The most striking successes for MTO were in its inventory of mental health measures. [23]  Considerably fewer MTO mothers were depressed than control mothers. [24]  The reduction in depression was similar in magnitude to what has been observed in clinical studies testing best-practice depression treatment regimens. [25]  This substantial improvement in mental health is not so surprising given what these families sought with the MTO program in the first place.  Almost all families enrolling in MTO reported that their primary motivation in signing up for the program was moving away from violent, gang-ridden neighborhoods to safer ones. [26] Moving to neighborhoods with less crime and violence, which satisfies families’ major program desires, is likely linked to the striking improvements in mental health. [27]   Thus, by the criteria of what mattered most to the participants themselves, MTO was very successful. 

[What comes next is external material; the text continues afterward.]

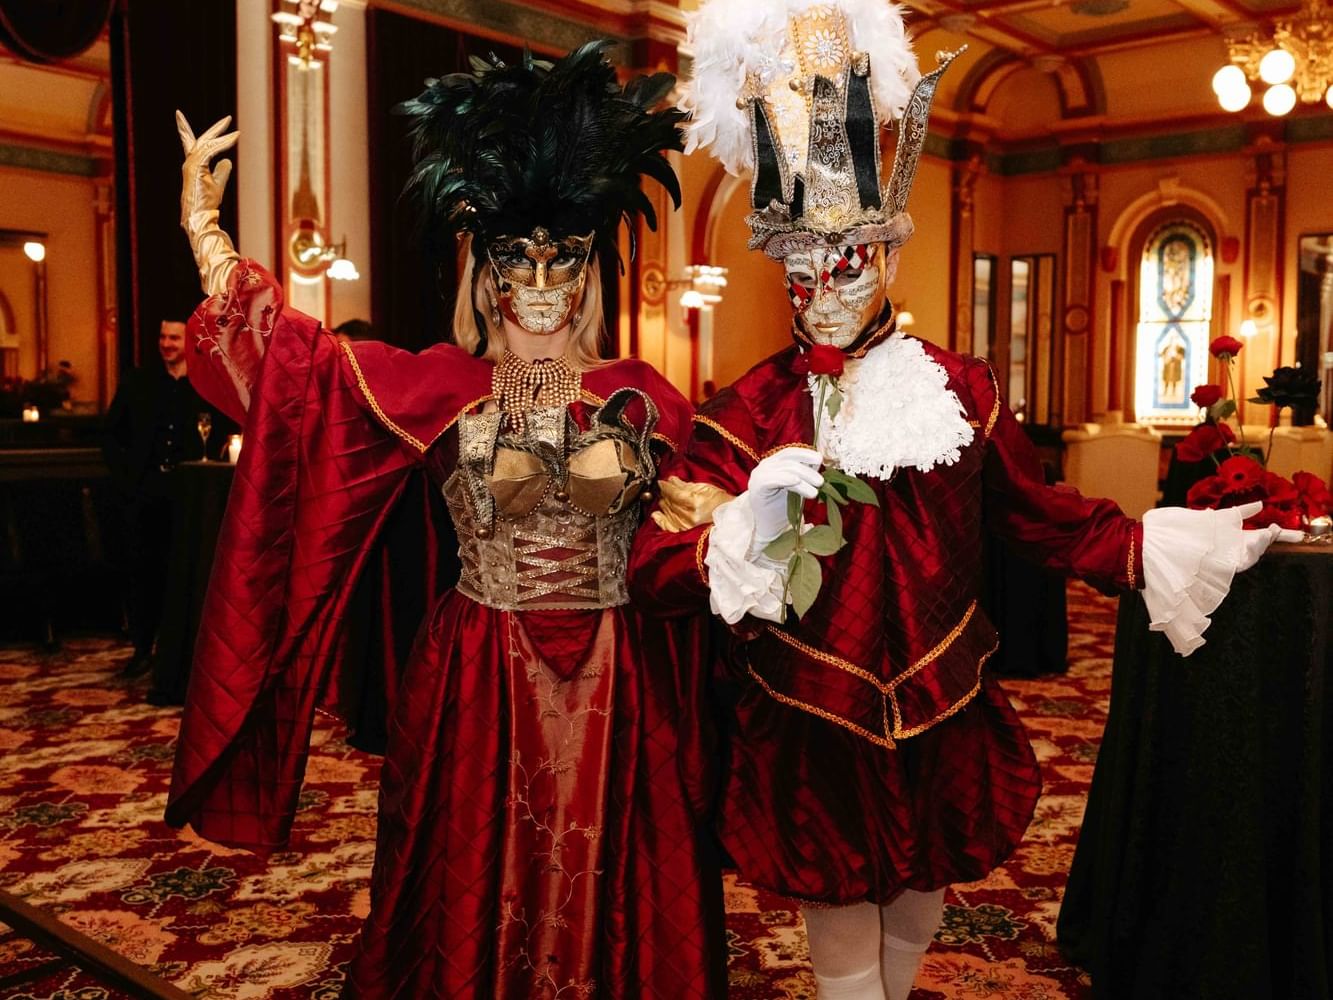 Masquerade Ball - The Grand Ballroom
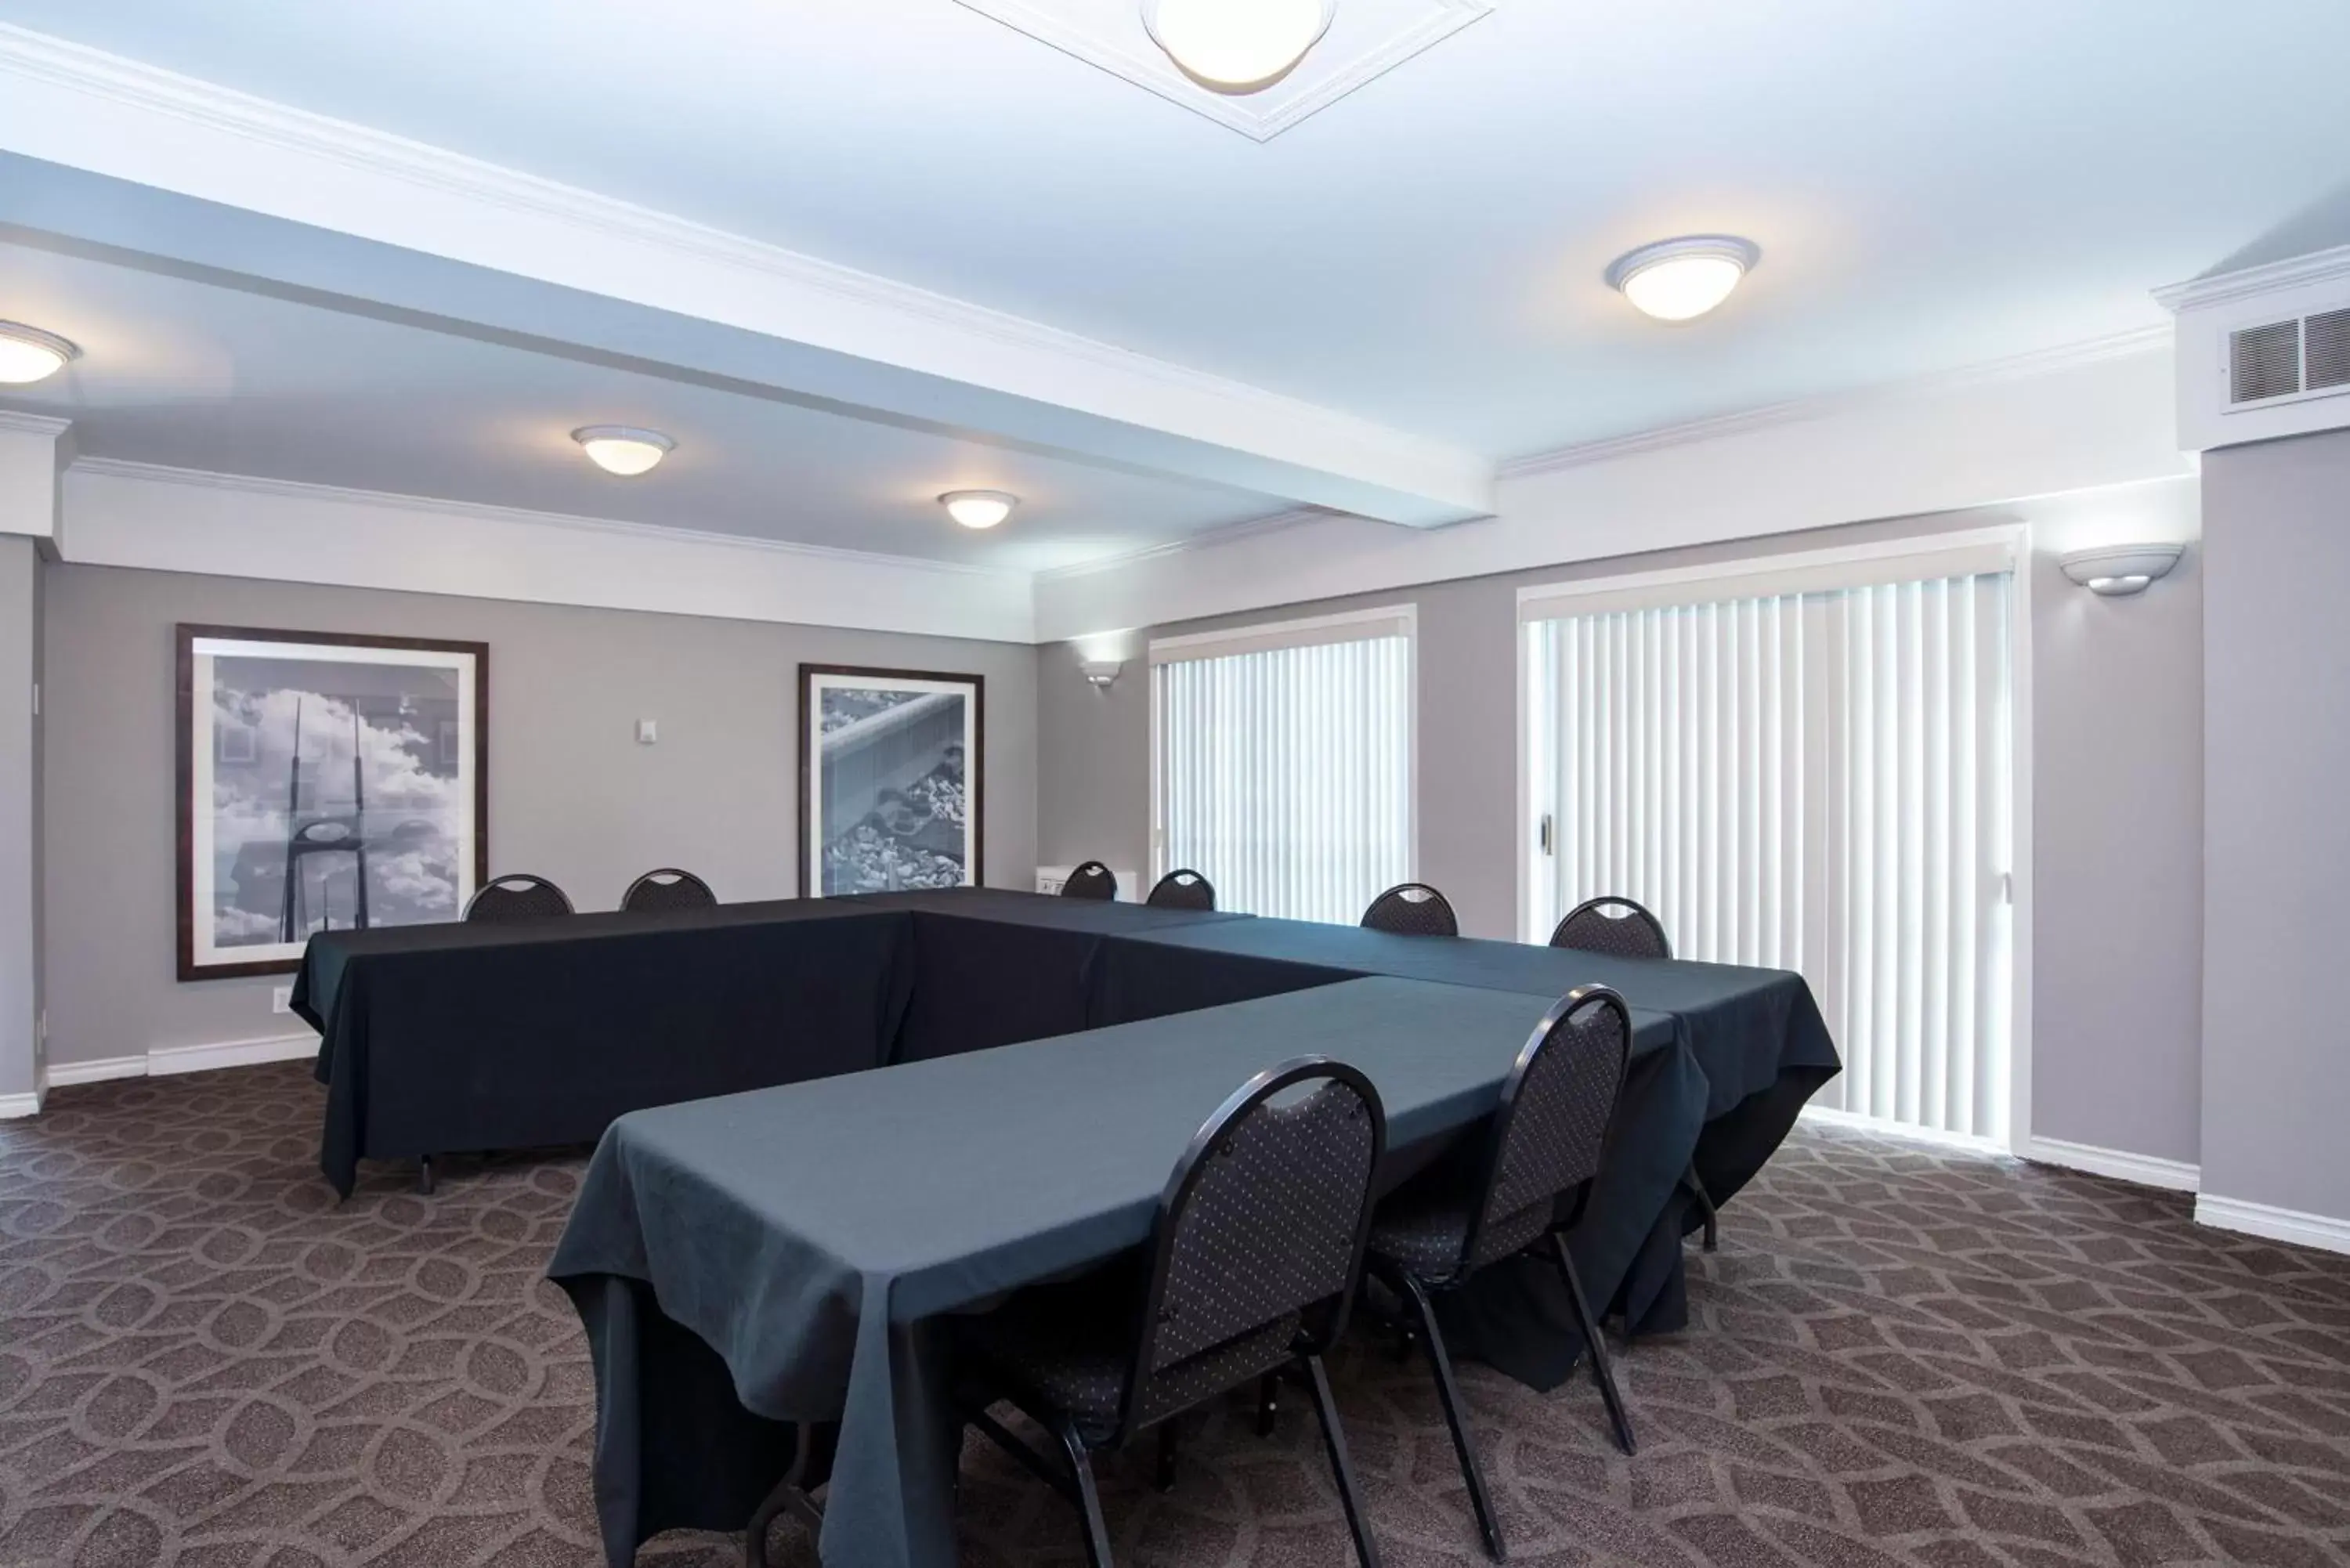 Meeting/conference room in Sandman Inn Kamloops

MTO was much less successful in promoting self-sufficiency.  Program designers hoped that MTO moves would improve mothers’ employment prospects, reduce their welfare dependence, and boost the school achievement of children. [28]  On these counts, the results have been disappointing. [29]  MTO families were no more likely to be employed, earned no more and received welfare no less often than families assigned to the control group. [30]  Here it is important to remember that MTO’s evaluation took place in the late 1990s, in the midst of welfare reform and a booming economy.[31]  MTO families did indeed boost their employment and reduced their reliance on welfare, [32] but these changes were no different, on average, from those experienced by the comparison group.

Early evidence from Gautreaux One conducted by James Rosenbaum and his colleagues compared maternal employment rates for city and suburban movers and found substantial differences. [33]  But our longer run look at employment and welfare receipt, drawing on data from the late 1990s, showed no employment advantages to being offered housing in a suburban as opposed to a city neighborhood. [34]  Mendenhall et al. (forthcoming) demonstrate the importance of a finer-grain distinction among types of placement neighborhoods, with the lowest maternal earnings associated with placement neighborhoods with fewer whites and less favorable employment and welfare outcomes for the one-fifth of families placed in high poverty, largely African American neighborhoods. [35]  Overall, the most recent evidence from MTO and Gautreaux One does not replicate the dramatic employment differences observed in the original Gautreaux research.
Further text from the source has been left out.